What You Will Practise Here
Mechanics: Laws of Motion, Work, Energy, and Power
Thermodynamics: Laws of Thermodynamics, Heat Transfer
Waves and Oscillations: Simple Harmonic Motion, Wave Properties
Electromagnetism: Electric Fields, Magnetic Fields, and Circuits
Optics: Reflection, Refraction, and Optical Instruments
Modern Physics: Quantum Theory, Atomic Models, and Nuclear Physics
Fluid Mechanics: Properties of Fluids, Bernoulli's Principle
Exam Relevance
The Physics Syllabus (JEE Main) is integral to various examinations, including CBSE, State Boards, and competitive exams like NEET and JEE. Questions often focus on conceptual understanding and application of theories. Common patterns include numerical problems, conceptual MCQs, and assertion-reason type questions, which test both knowledge and analytical skills.
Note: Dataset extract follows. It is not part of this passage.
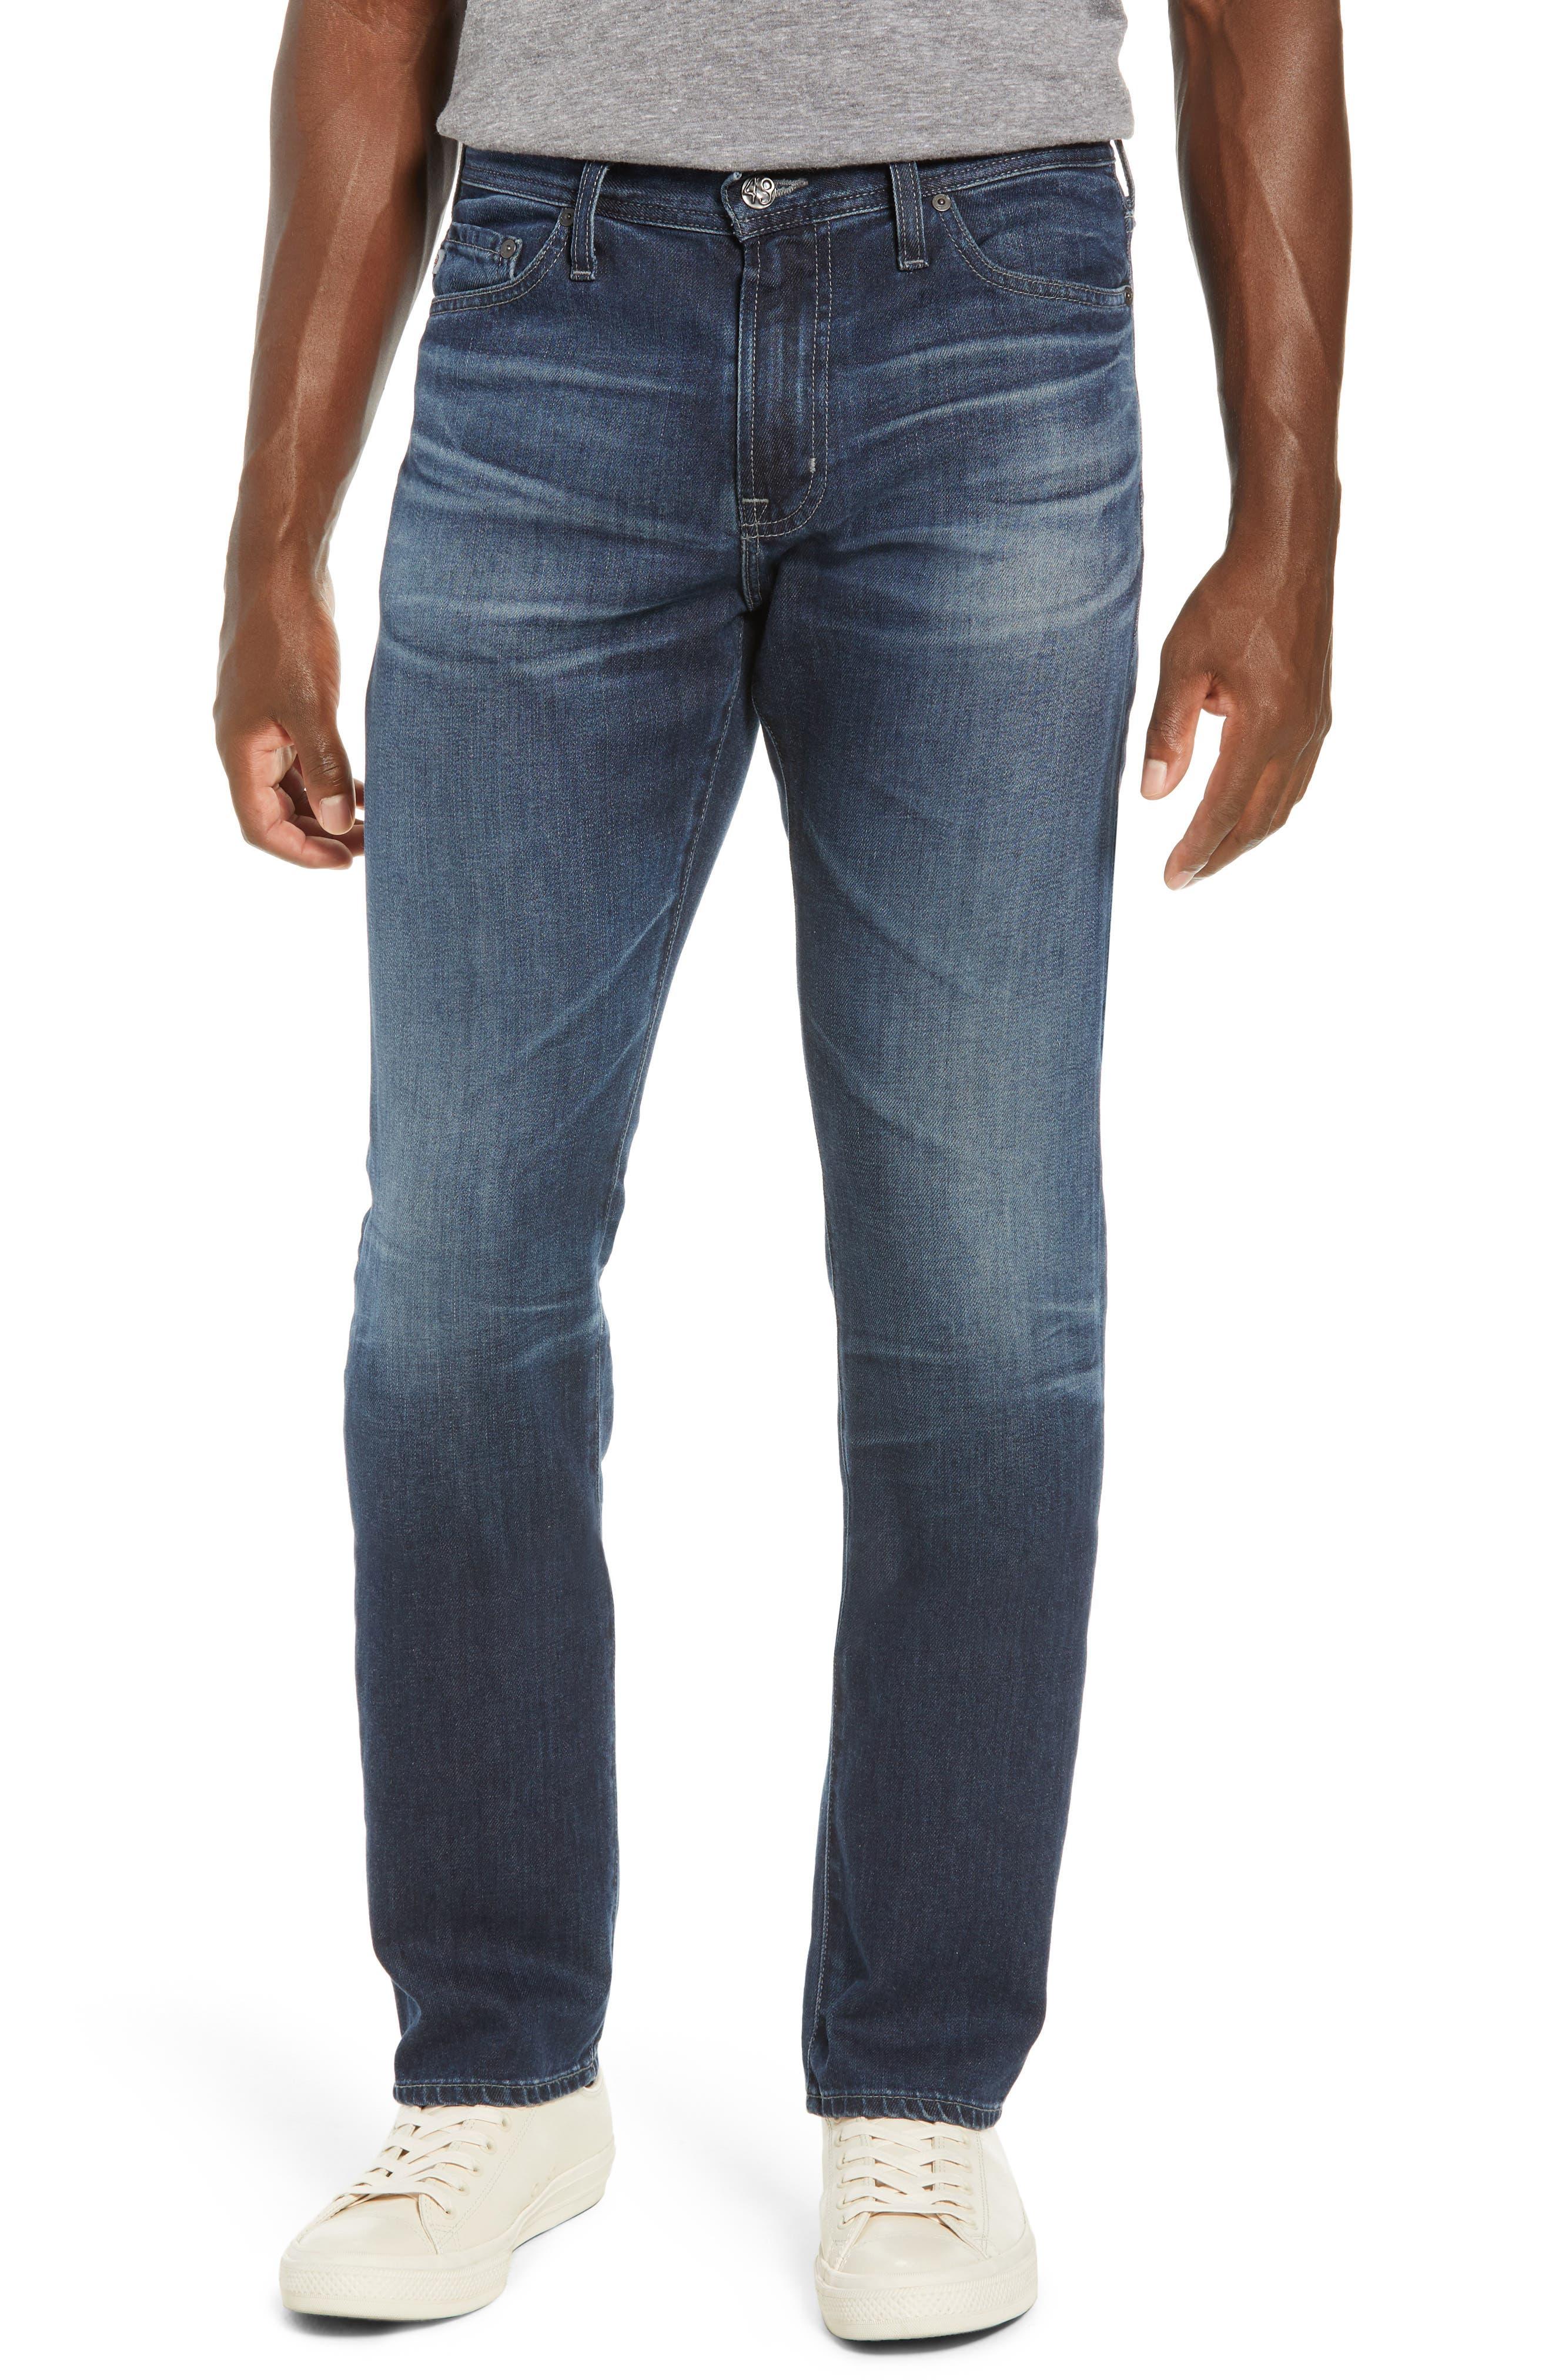 Everett Slim Straight Leg Jeans,                             Main thumbnail 1, color,                             7 YEARS PARK AVEUNE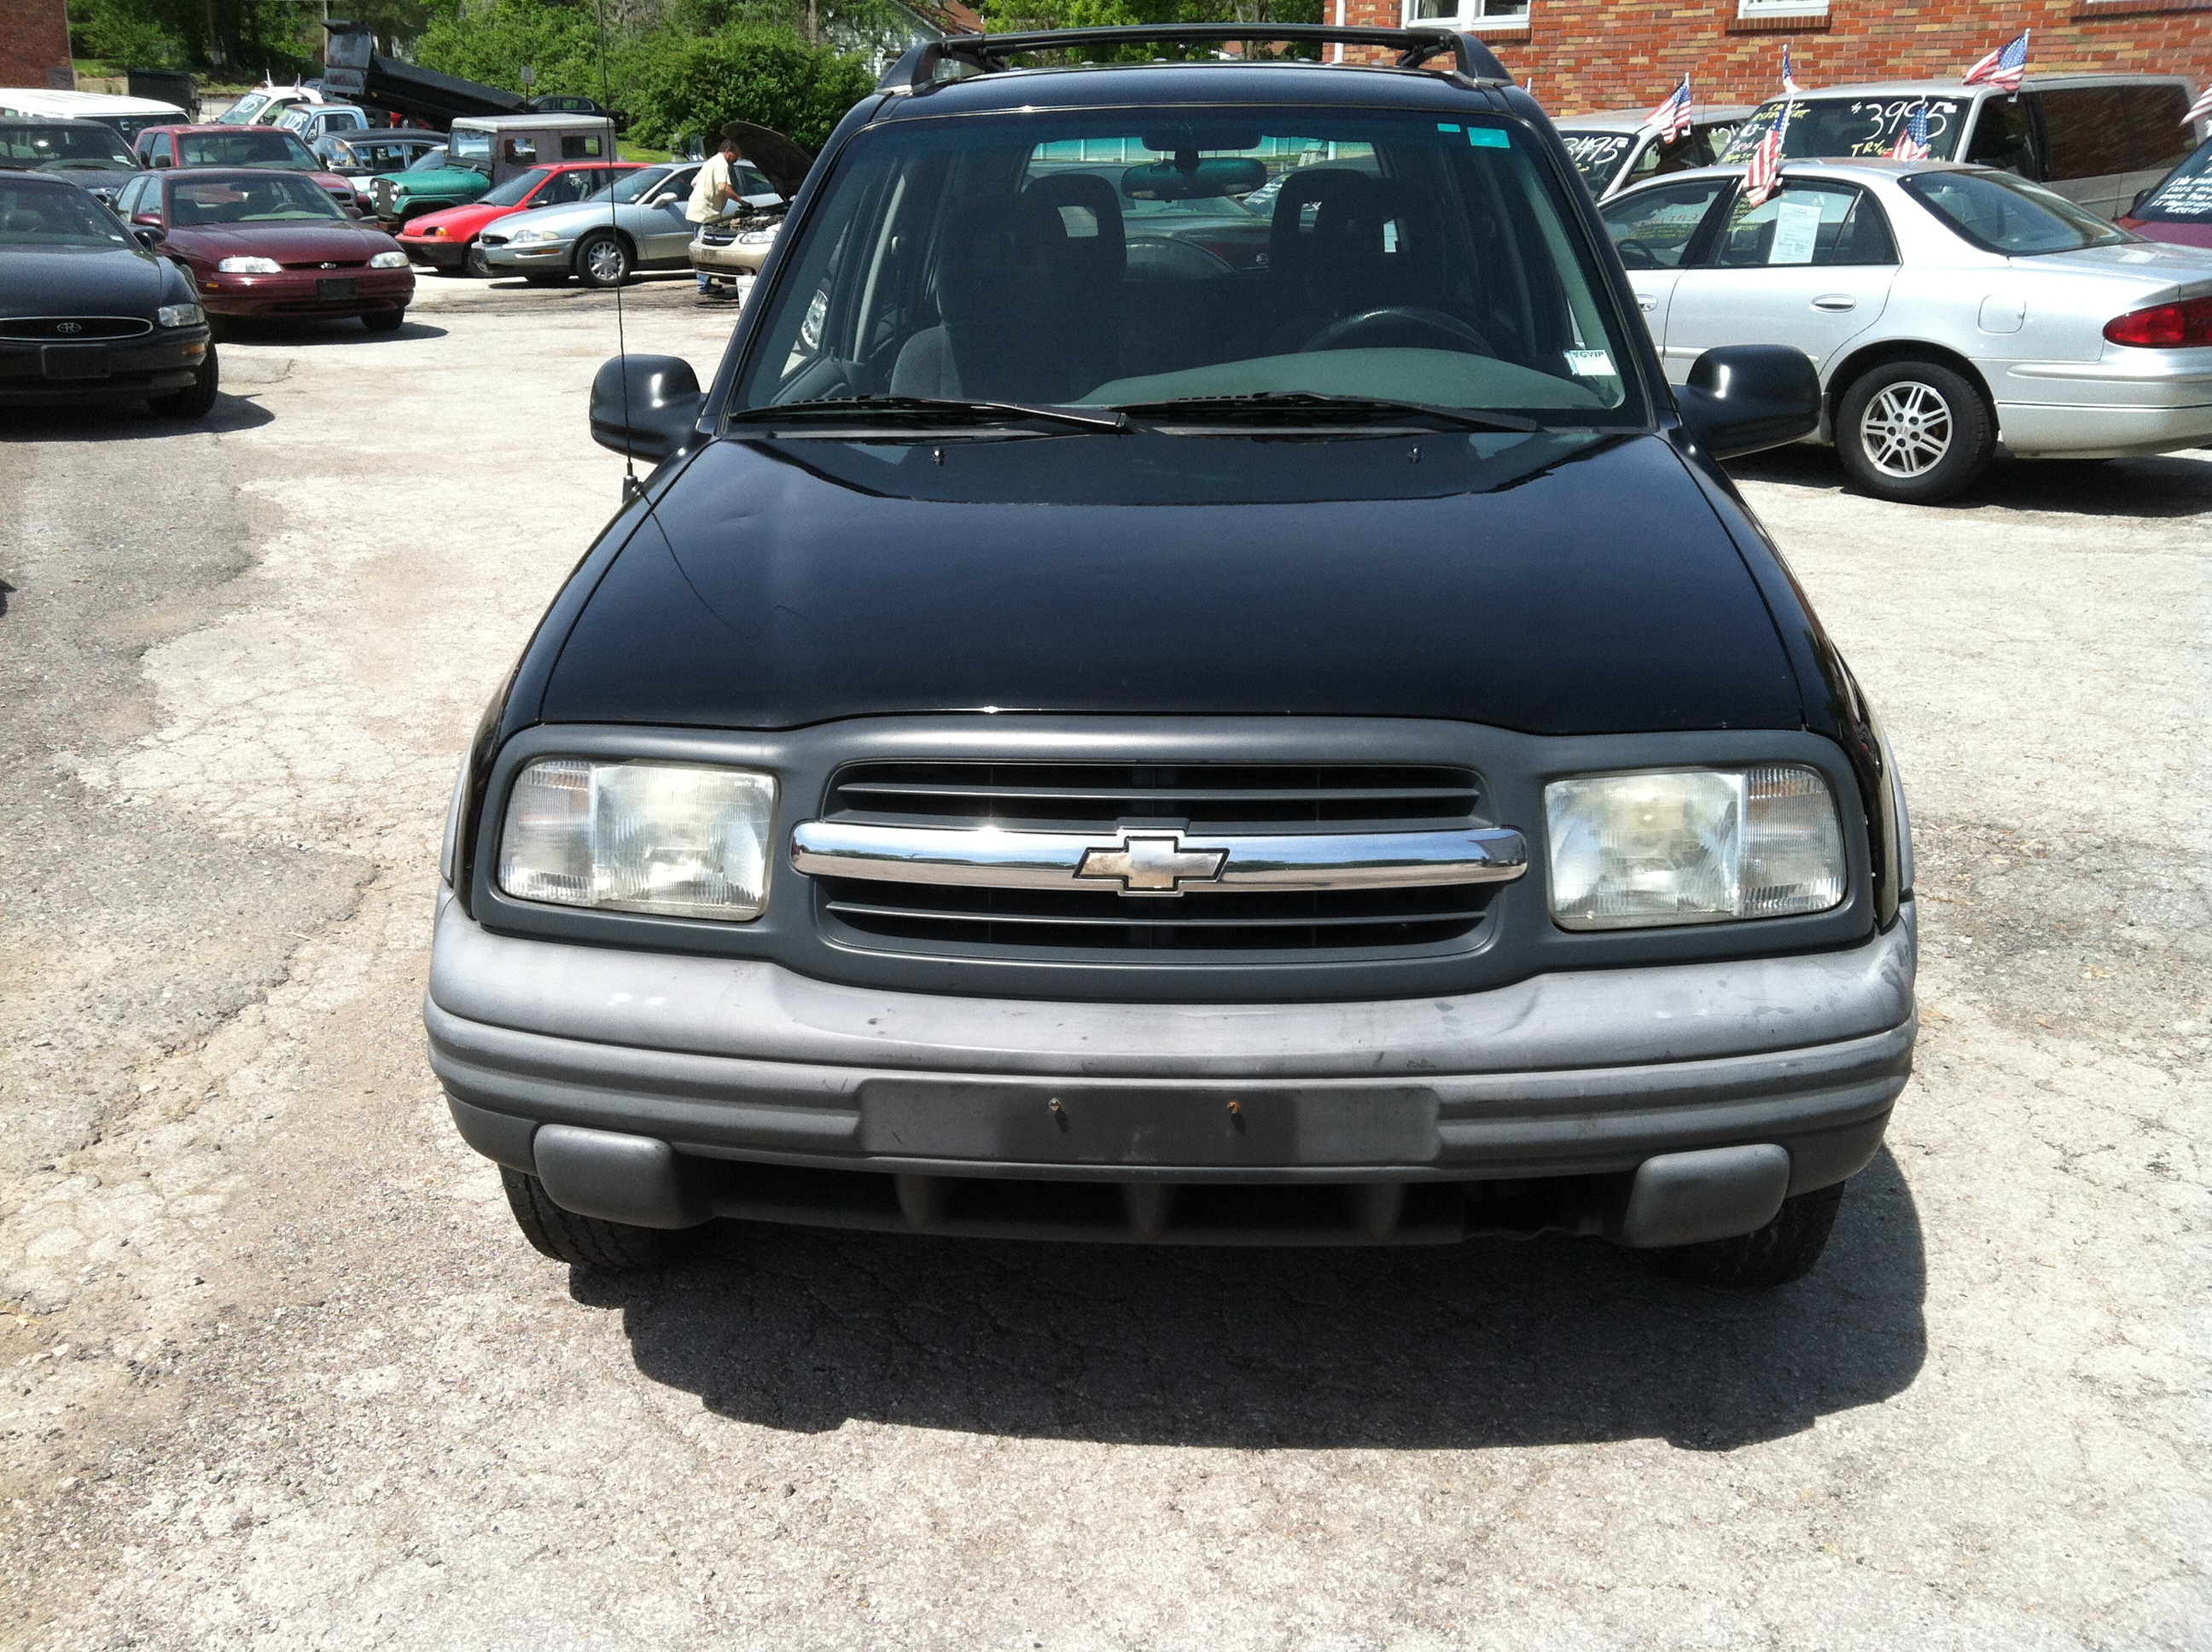 Mud Trucks For Sale In Missouri.html | Autos Weblog

Common Mistakes Students Make
Misinterpreting the question stem, leading to incorrect answers.
Neglecting units and dimensions in calculations.
Overlooking the significance of diagrams in understanding concepts.
Confusing similar concepts, such as velocity and acceleration.
Failing to apply formulas correctly in different contexts.
FAQs
Question: What are the key topics in the Physics Syllabus for JEE Main?Answer: Key topics include Mechanics, Thermodynamics, Waves, Electromagnetism, Optics, Modern Physics, and Fluid Mechanics.
Question: How can I improve my performance in Physics MCQs?Answer: Regular practice of MCQs, understanding concepts deeply, and revising important formulas can significantly enhance your performance.
Start solving practice MCQs today to test your understanding of the Physics Syllabus (JEE Main). This will not only boost your confidence but also prepare you effectively for your upcoming exams. Remember, consistent practice is the key to success!